### TASK TO CARRY OUT
Every line in the data below from the one containing "bandera americana ondeando" down to the one containing "Donna con orecchie rifatte", both included, must be retyped exactly; no other line is to appear.

### RECORDED DATA
☆ ☆ ☆ ☆ ☆ ☆ ☆

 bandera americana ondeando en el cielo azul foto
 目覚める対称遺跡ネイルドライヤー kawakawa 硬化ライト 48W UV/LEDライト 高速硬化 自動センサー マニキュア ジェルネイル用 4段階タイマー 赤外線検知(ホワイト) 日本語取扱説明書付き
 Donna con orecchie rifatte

☆ ☆ ☆ ☆ ☆ ☆ ☆

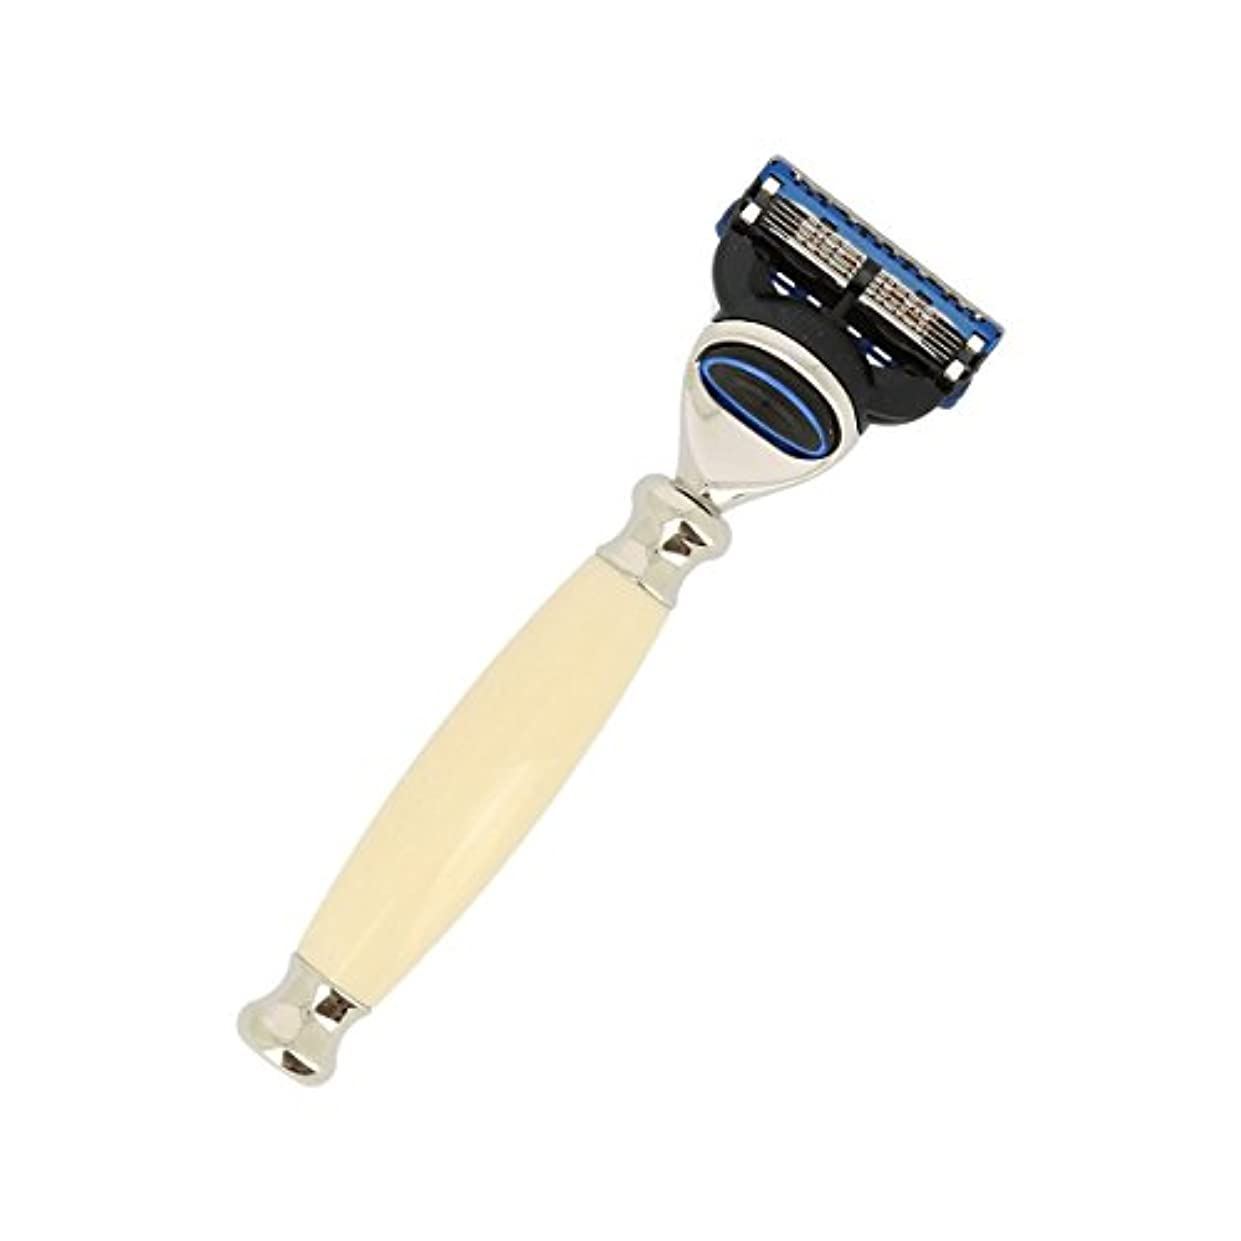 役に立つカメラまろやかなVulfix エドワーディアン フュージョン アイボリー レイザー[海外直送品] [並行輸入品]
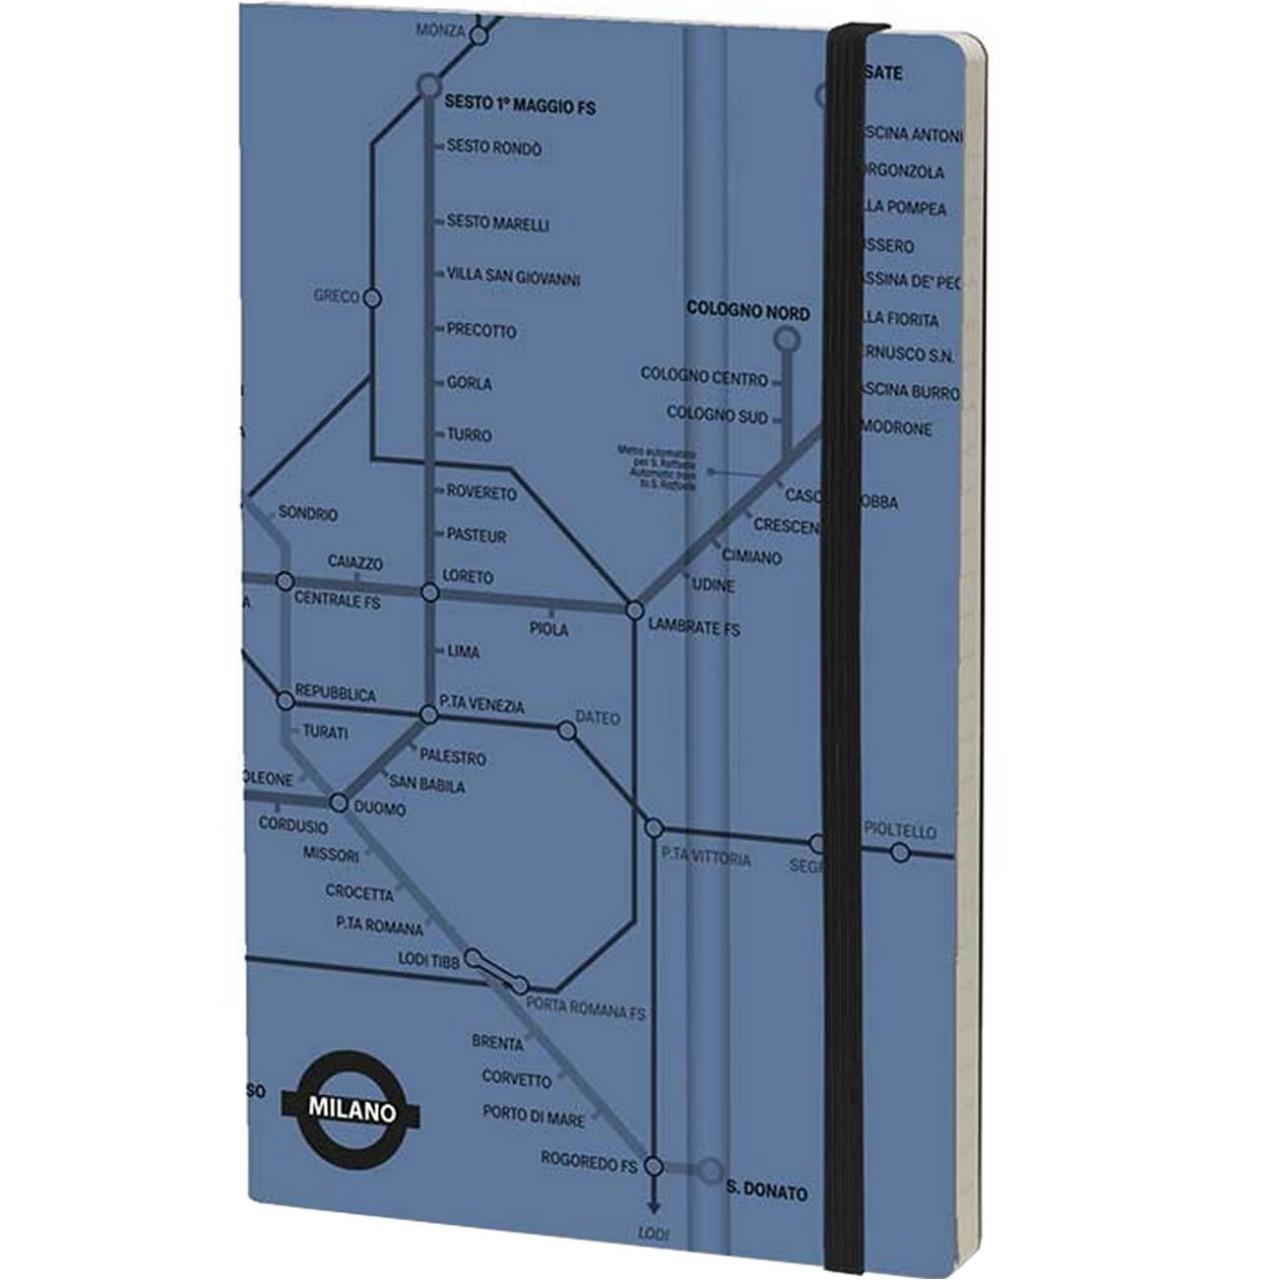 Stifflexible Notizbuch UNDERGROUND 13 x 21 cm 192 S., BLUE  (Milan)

☆ ☆ ☆ ☆ ☆ ☆ ☆

### YOUR SOLUTION
 bandera americana ondeando en el cielo azul foto
 目覚める対称遺跡ネイルドライヤー kawakawa 硬化ライト 48W UV/LEDライト 高速硬化 自動センサー マニキュア ジェルネイル用 4段階タイマー 赤外線検知(ホワイト) 日本語取扱説明書付き
 Donna con orecchie rifatte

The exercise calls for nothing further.